A method and system for allowing back to back write operations utilizing a single port cache is disclosed. The method and system comprises overlapping and pipelining the tag lookup and data write instruction. In so doing, the processor would be able to perform single cycle cache hit detection/data write in a single port SRAM data cache. Two instructions can be operated on simultaneously without either of the two stages being idle. Accordingly, during the tag lookup cycle the data can be read while the data write cycle writes data. This simple pipelining procedure will allow the number of instruction cycles to be reduced down to only one cycle. Moreover, this methodology will work for consecutive read seek and data write to the same memory address as well.

Description

PIPELINED ACCESS TO SINGLE PORTED CACHE
FIELD OF THE INVENTION
The present invention relates generally to a data processing system and more particularly to a processing system that includes a single port cache.

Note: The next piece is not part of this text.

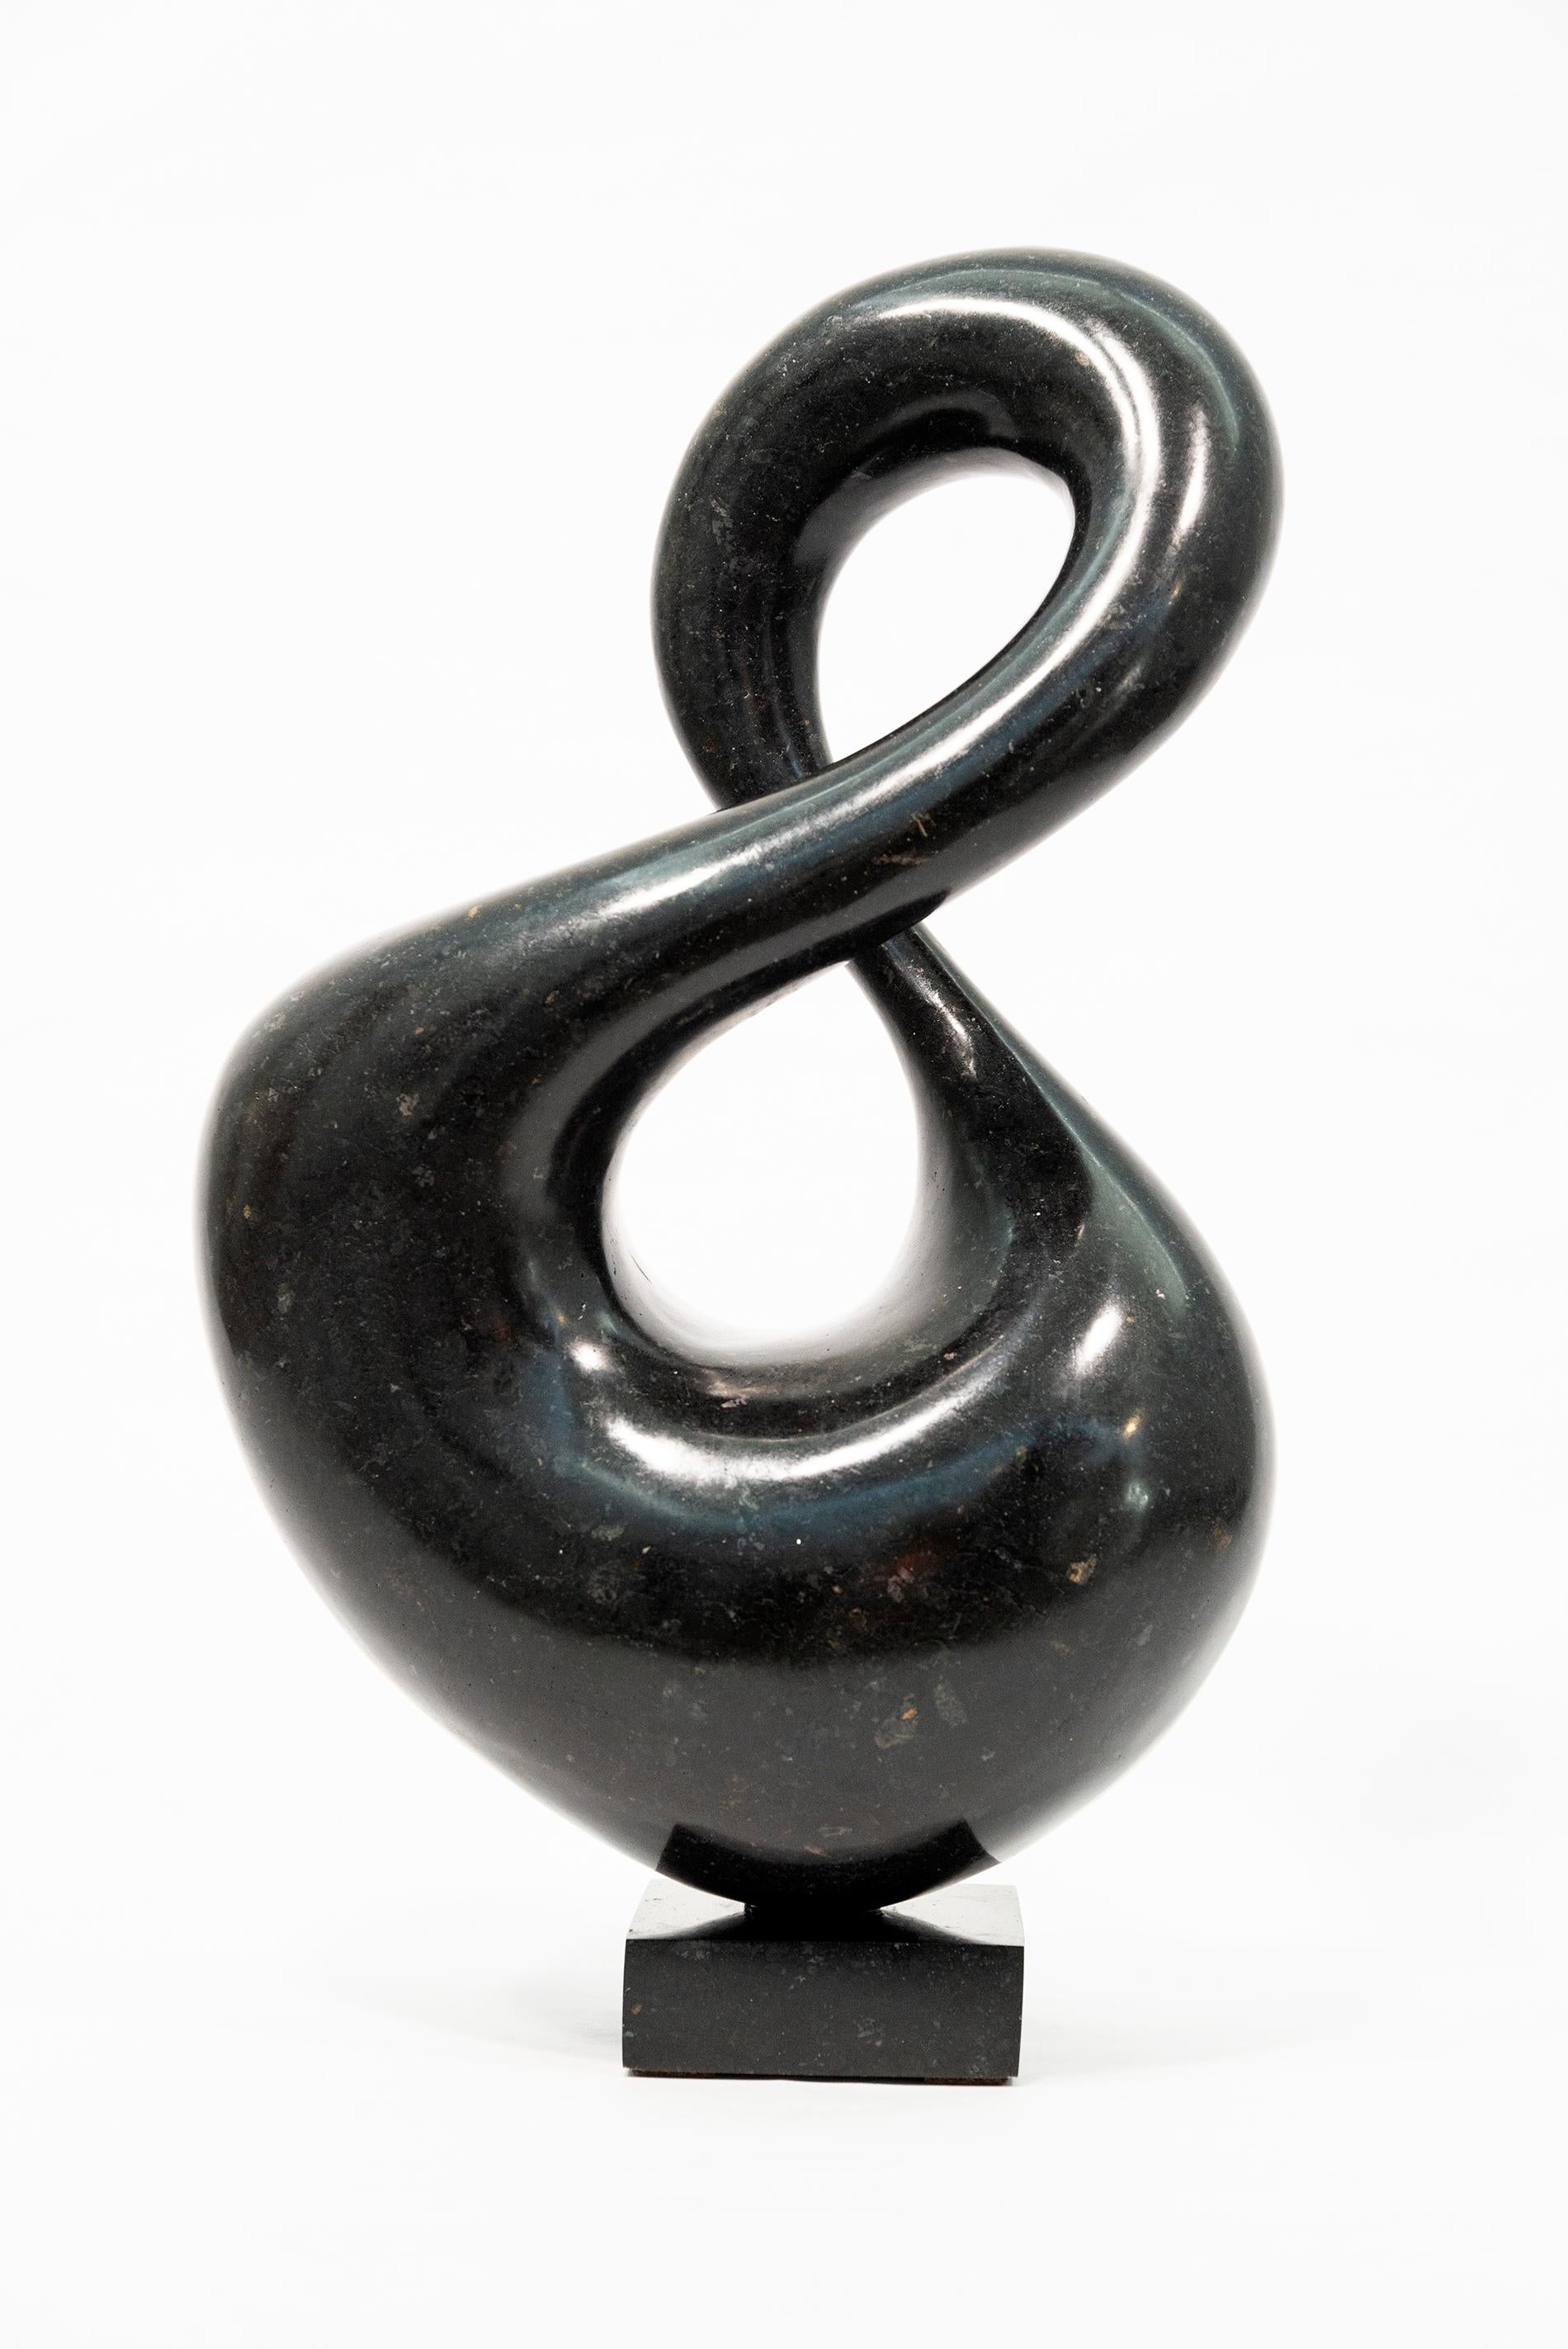 With its fluid and elegant lines, this abstract stone sculpture by Jeremy Guy appears to resemble a figure eight. Guy is known for his powerful contemporary form that often emulates shapes found in nature. Created from engineered black granite, this

BACKGROUND OF THE INVENTION
A processing system includes a plurality of pipeline stages. The pipeline stages of a processing system typically comprise a fetch (F) stage, a decode (D) stage, an execute (E) stage, a memory (M) stage, and a write back (W) stage. The processing system typically includes a general purpose processor. The general purpose processor includes a core processor and an instruction cache, data cache, and writeback device which are coupled to a bus interface unit. In such a system, in the traditional model, the data cache will be typically a single port device. In this type of system, two cycles are needed for cache hit detection and a write cycle. That is, one cycle is required to perform a read operation, and a second cycle is needed to perform a data write. Accordingly, two cycles are required to provide a write operation.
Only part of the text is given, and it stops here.